HP Color LaserJet 3500 Review
One Single-Pass SensationMarch 16, 2004
By Eric Grevstad
One Single-Pass Sensation
OK, a color laser printer priced within reach of small offices, workgroups, or even individuals with $800 to spend is no longer new or startling. But how about one that prints faster in color than in monochrome? Cue Bill Murray in Ghostbusters: "Volcanoes, human sacrifice, dogs and cats living together, mass hysteria!"
All right, Bill might be exaggerating a little, but HP's new Color LaserJet 3500 is still noteworthy. Under-$1,000 color lasers to date have used multi-pass or rotary laser printing technology, which sends each color page on four trips through the printer to apply black, cyan, magenta, and yellow toner -- the reason, for example, HP's Color LaserJet 2500 and stripped-down 1500 models, or Konica Minolta's Magicolor 2300W, are rated at 16 pages per minute in black and 4 ppm in color.
But the Color LaserJet 3500, like corporate-office models that cost far more than its $800, uses single-pass or tandem technology that yields a rated speed of 12 ppm for color and monochrome pages alike. That leaves it, somewhat surprisingly, at a disadvantage to even desktop personal lasers that cost one-quarter as much, as well as to the abovementioned rivals, for cranking out high-volume, plain-vanilla text jobs: Connected to the same PC, it took the new HP twice as long as the Magicolor 2300W to print our 20-page monochrome Microsoft Word test document (3 minutes and 10 seconds).
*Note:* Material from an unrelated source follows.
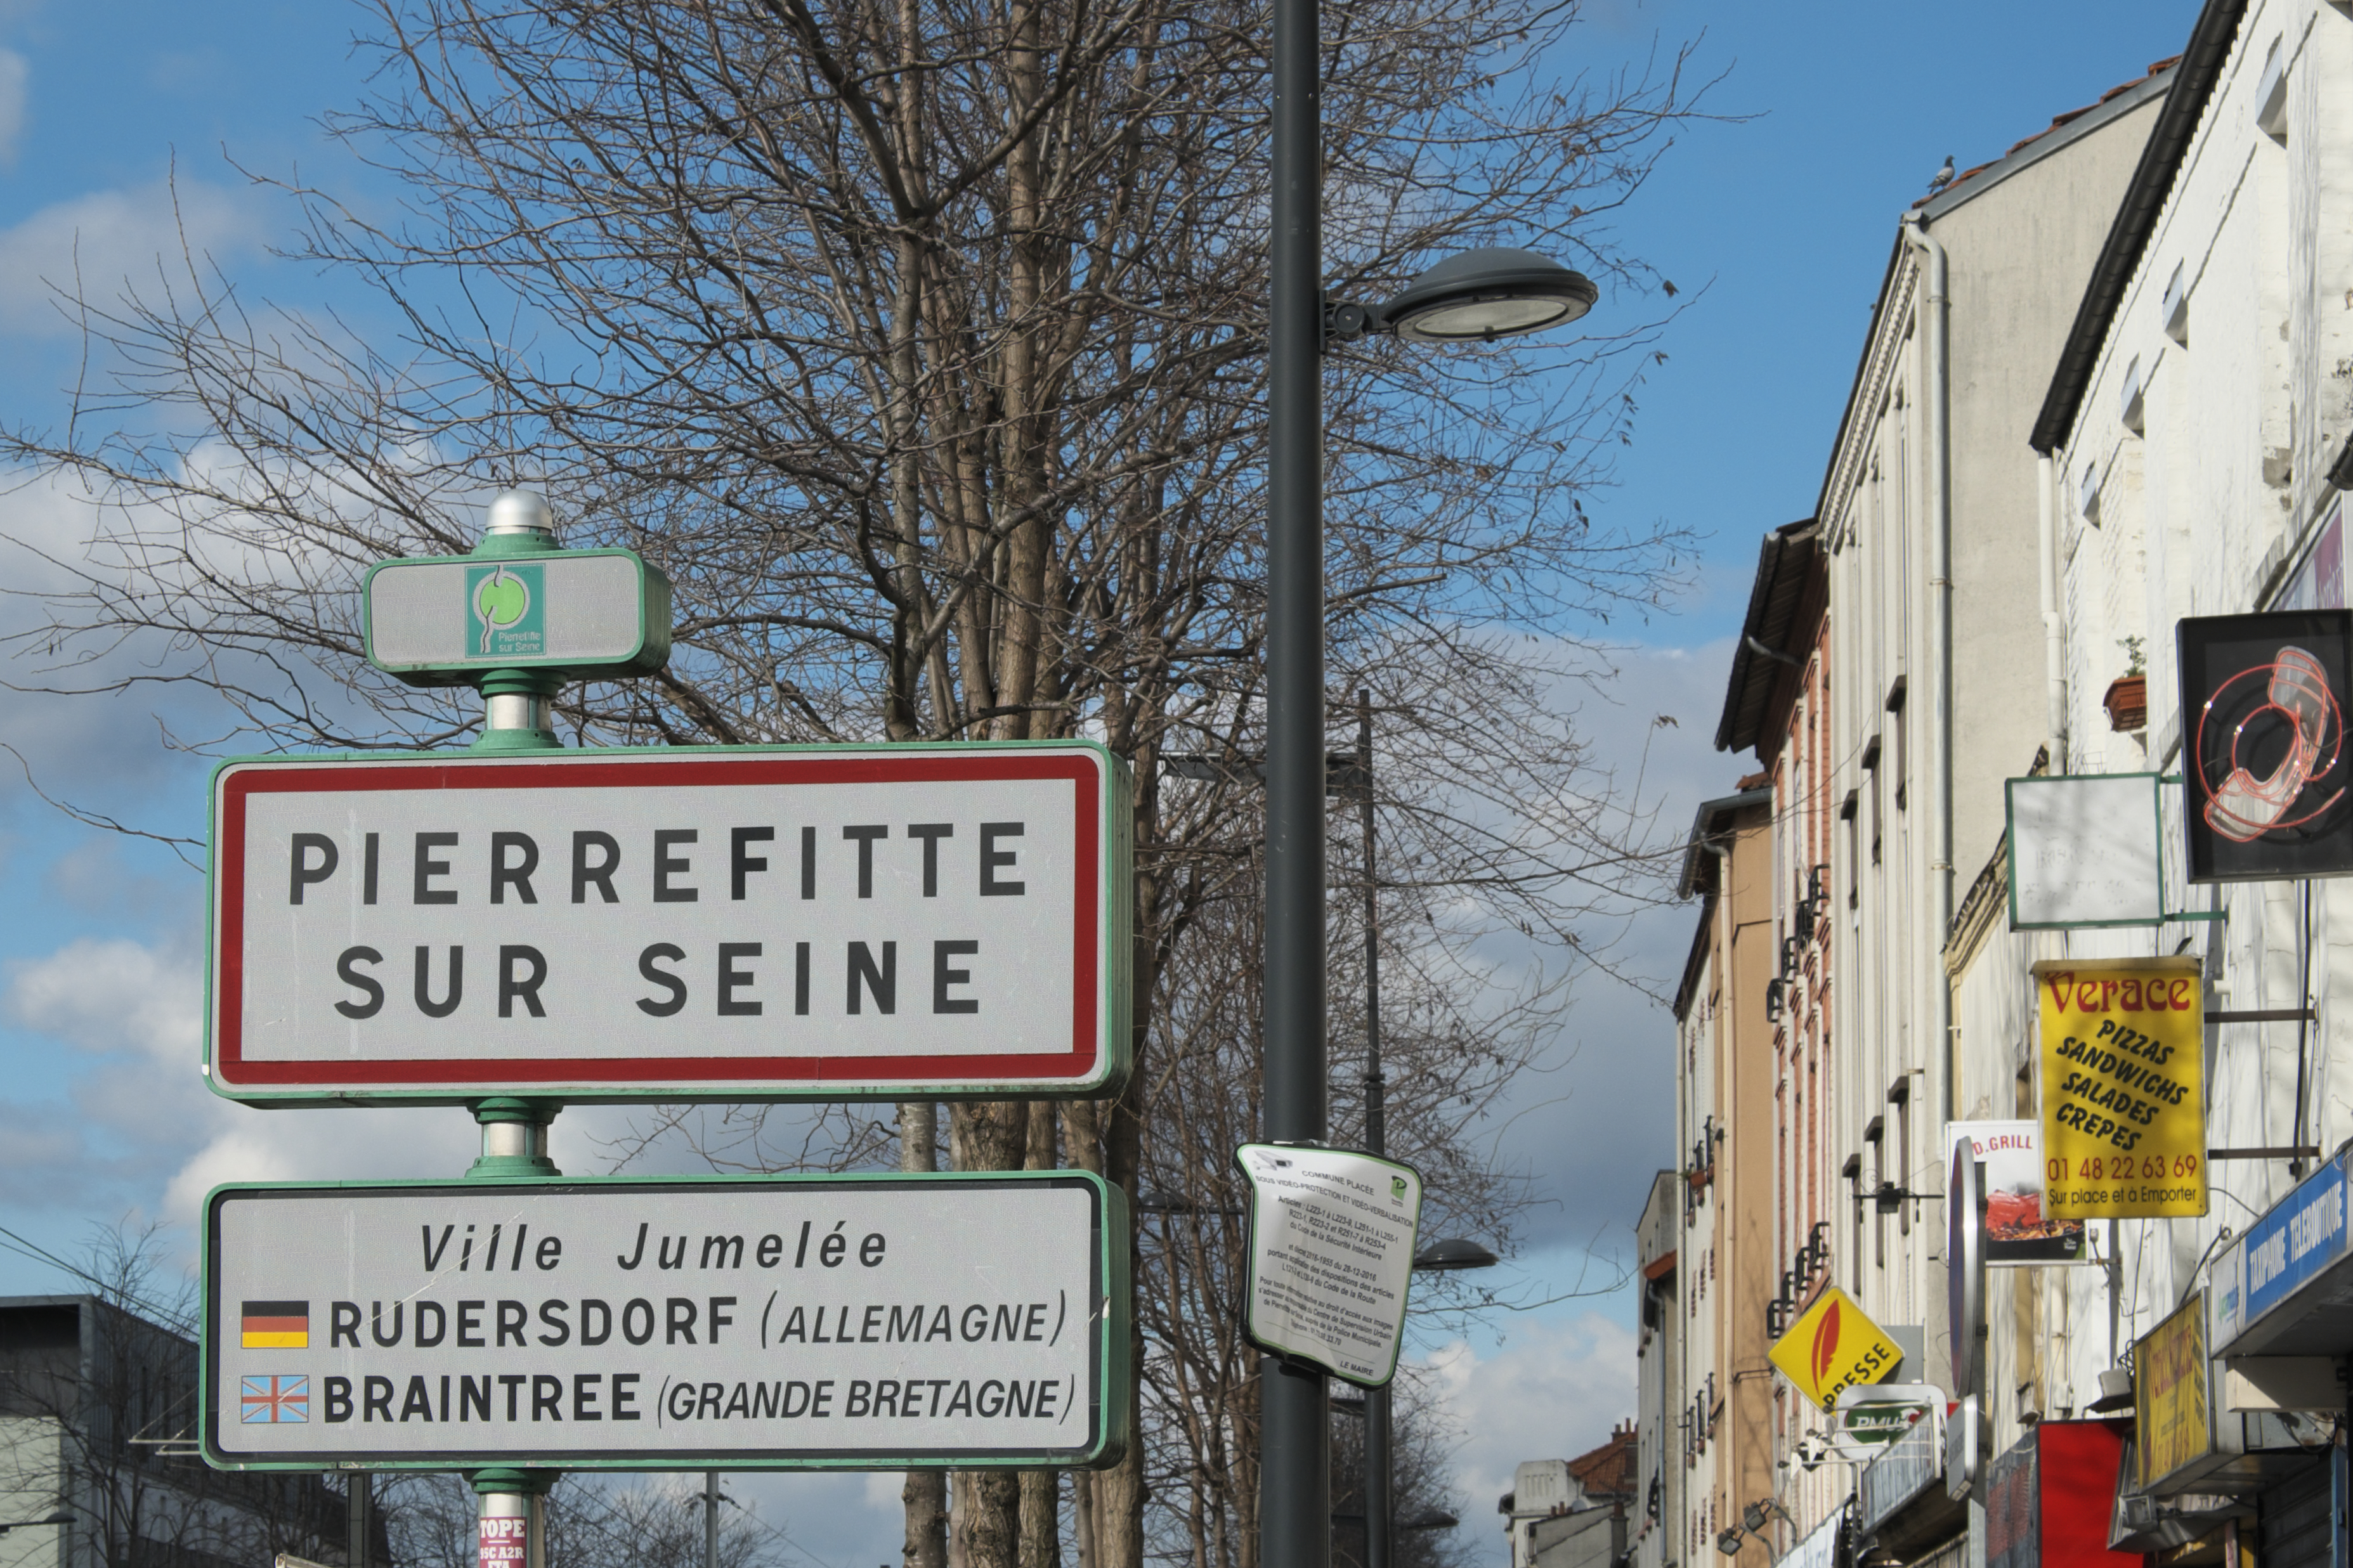  Pierrefitte-sur-Seine, France hookers

For colorful charts, presentations, and reports, however, the shoe is on the other foot, and the foot kicks other low-priced color lasers' butts: Our 55-page Adobe Acrobat manual, which took the Magicolor 16 minutes and the Samsung CLP-500 about 13, was finished in 9 minutes and 39 seconds. It also looked gorgeous, with fine details, sharp text, and virtually no banding in solid-color areas.
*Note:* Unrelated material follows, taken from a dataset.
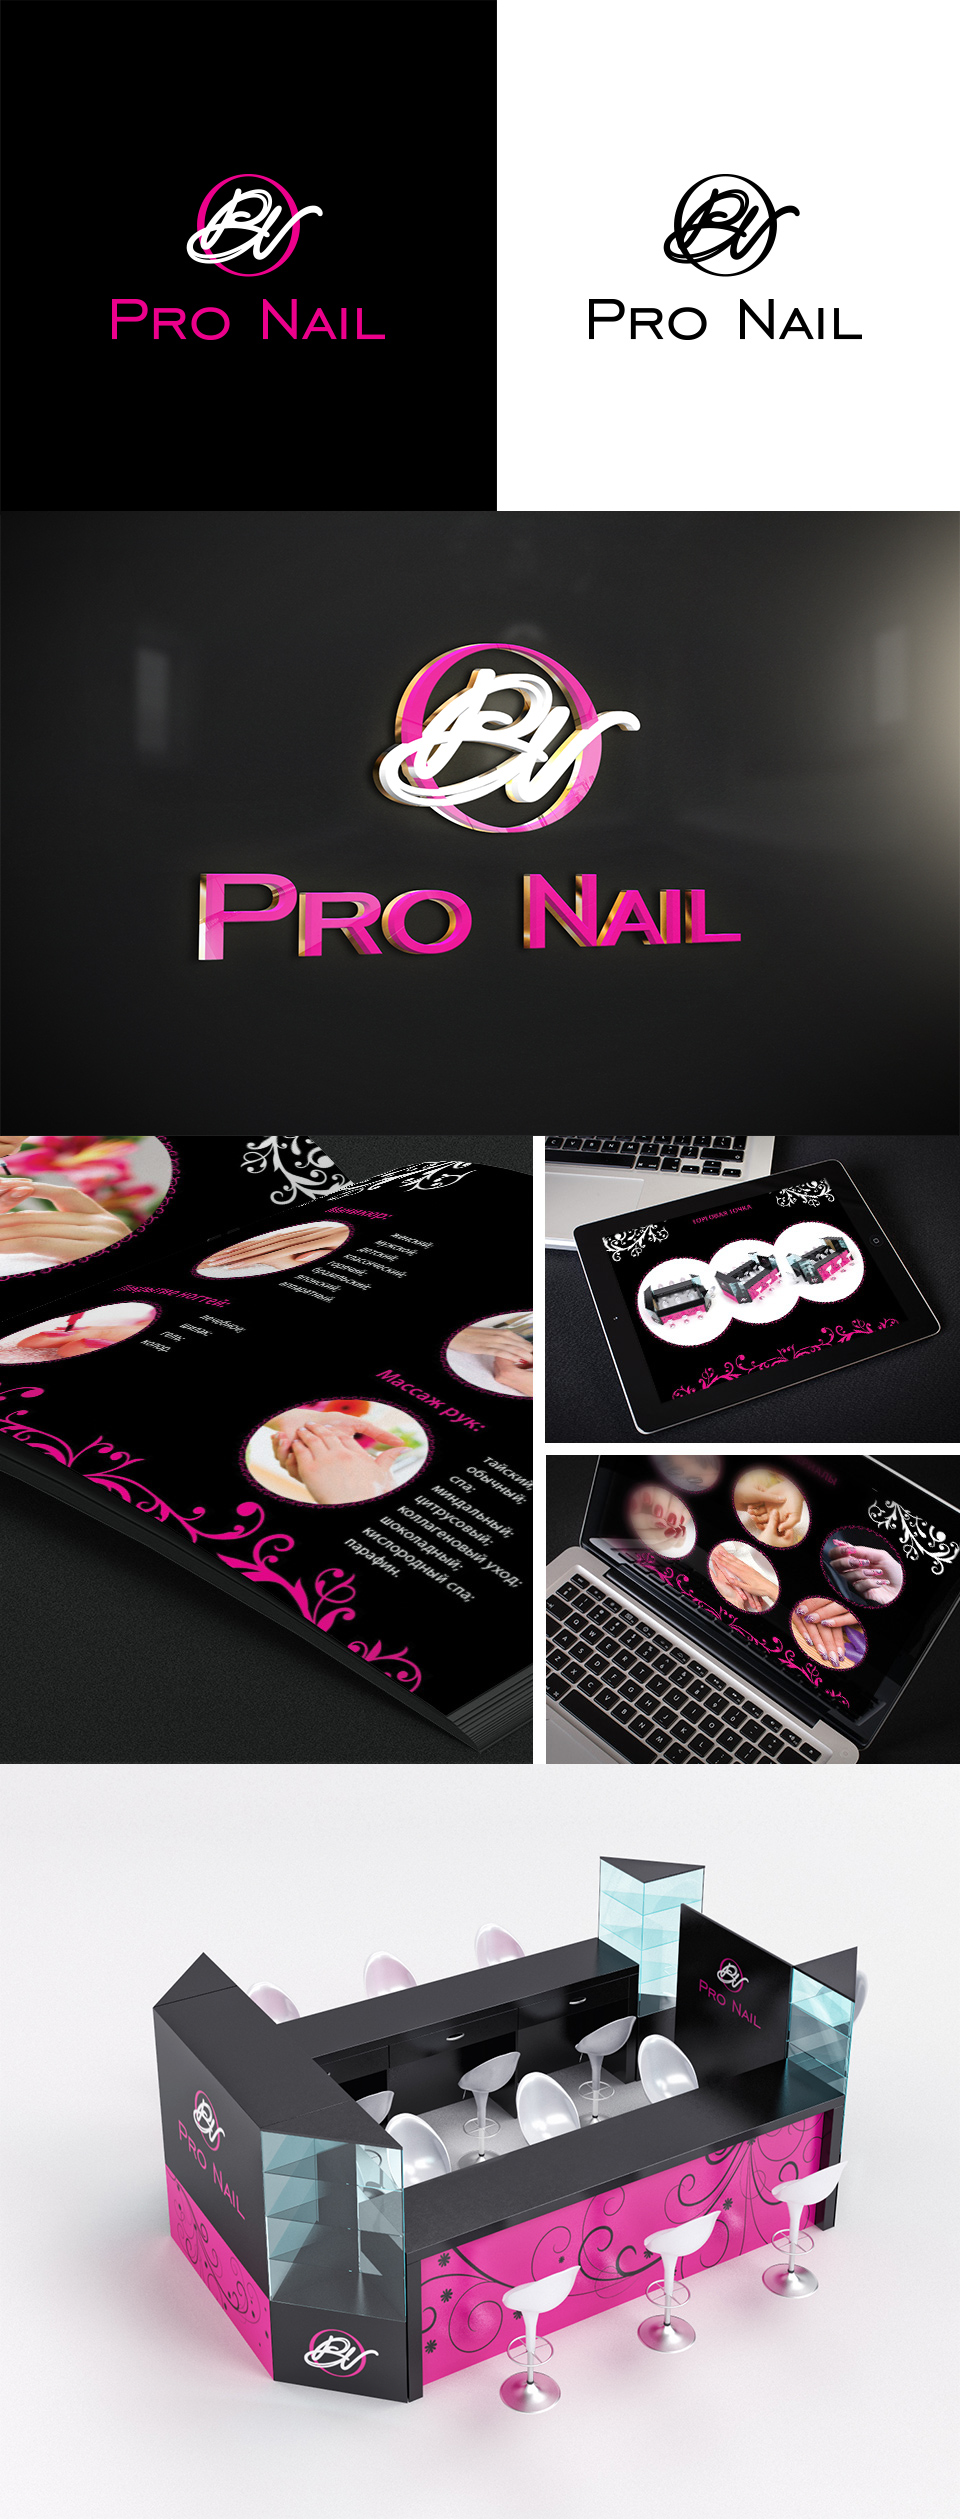 Логотип нейл бара, ногтевой студии (Nail bar) на разном фоне, печатной продукции, для сайта

If you need hundreds of pages of black text in a hurry, the Color LaserJet 3500 is not for you. (In fact, checking the "print in grayscale" box in the software driver, while it saves color toner, actually slowed the printer in our tests, adding almost 6 minutes to the 55-page PDF job.) But if you want a workhorse printer for color flyers, proposals, or newsletters, HP can make you an offer of biblical proportions.
Share Or Be Selfish
Like its competitors, the HP is available in an assortment of solo and networked configurations. The $800 Color LaserJet 3500 tested here has 64MB of memory (not expandable) and a USB 2.0 interface, while the $1,000 model 3500n comes with an HP JetDirect external Ethernet print server that plugs into the USB port. (The server's separate power supply requires a second AC outlet.)
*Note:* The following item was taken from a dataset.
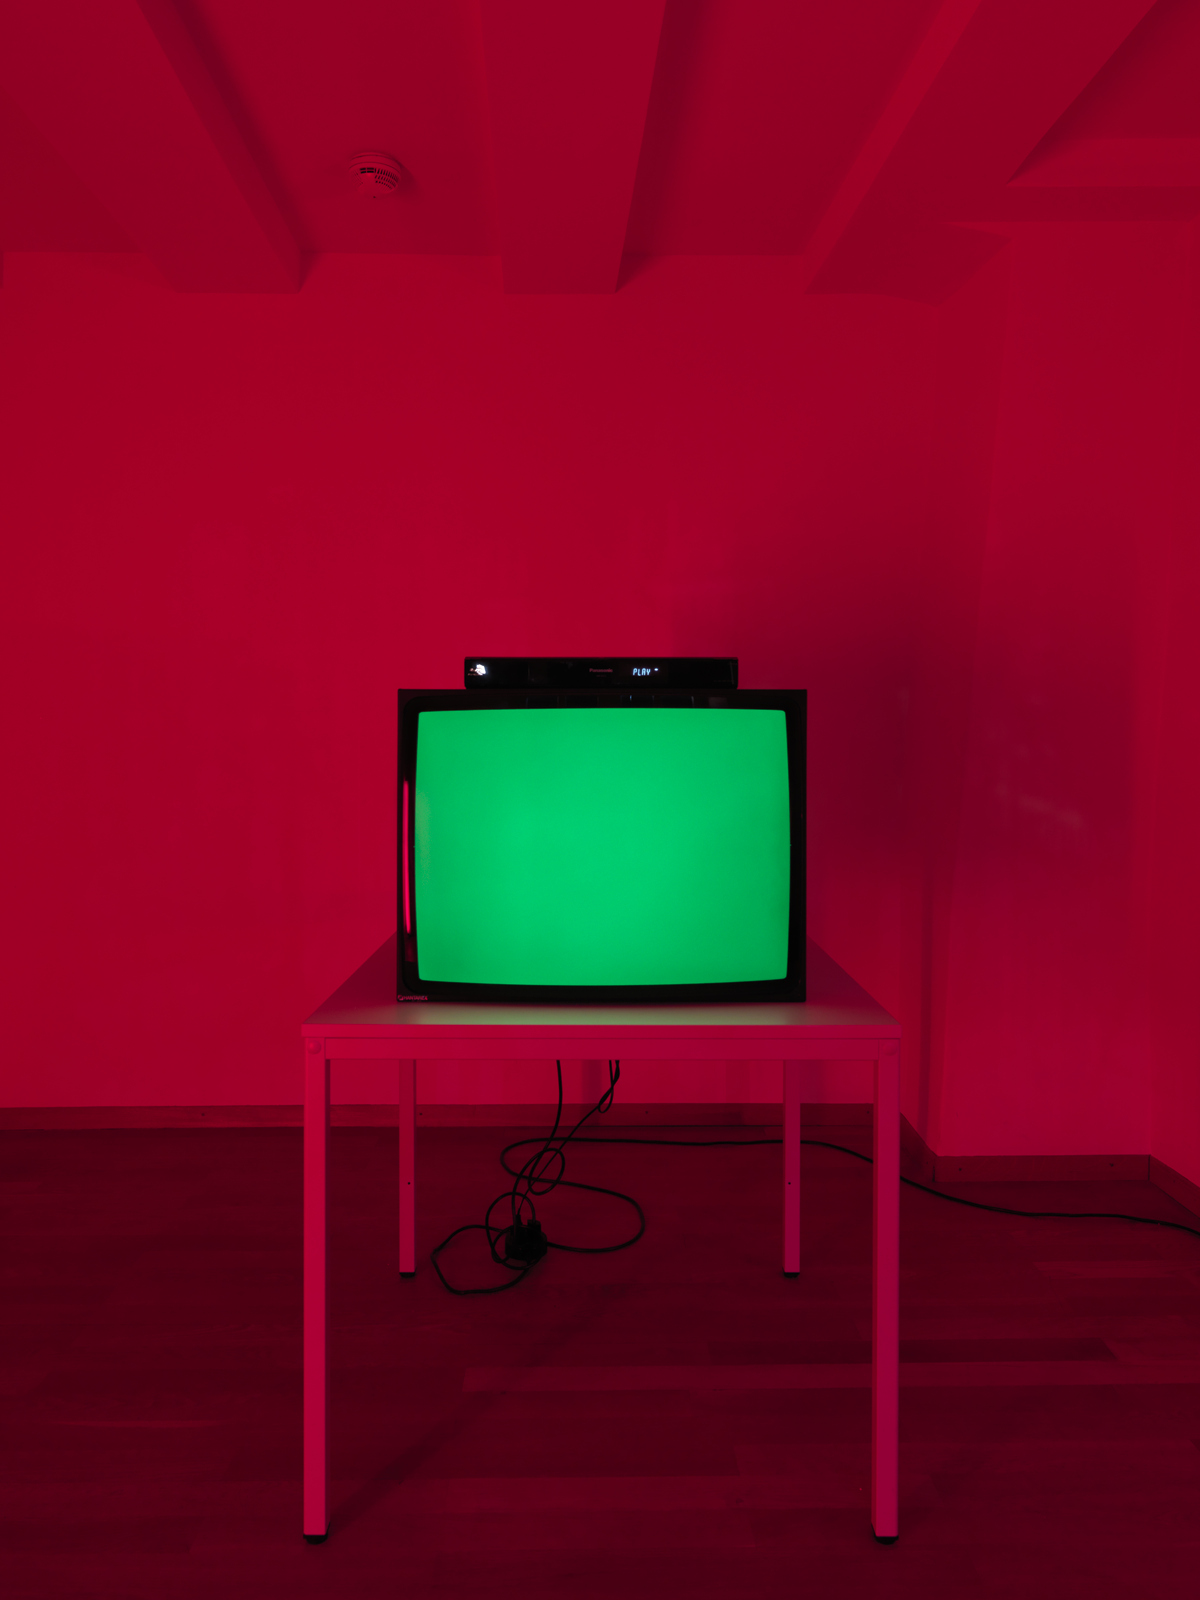 Heimo Zobernig / "Ohne Titel (In Red)", exhibition view, Kunsthalle Zürich / 2011

The $1,300 Color LaserJet 3700 and $1,600 model 3700n feature parallel and EIO as well as USB ports, plus expandable memory, a higher monthly duty cycle, and longer-lasting toner cartridges. Most important, they're faster -- 16 ppm instead of 12.
The $2,000 model 3700dn adds an automatic two-sided printing unit, though less frequent page-flippers can make do with the 3500/3700 driver's choice of manual duplexing (properly formatted for top-, left-, or right-edge binding). The driver also offers a good array of watermark, resized, and N-up printing options.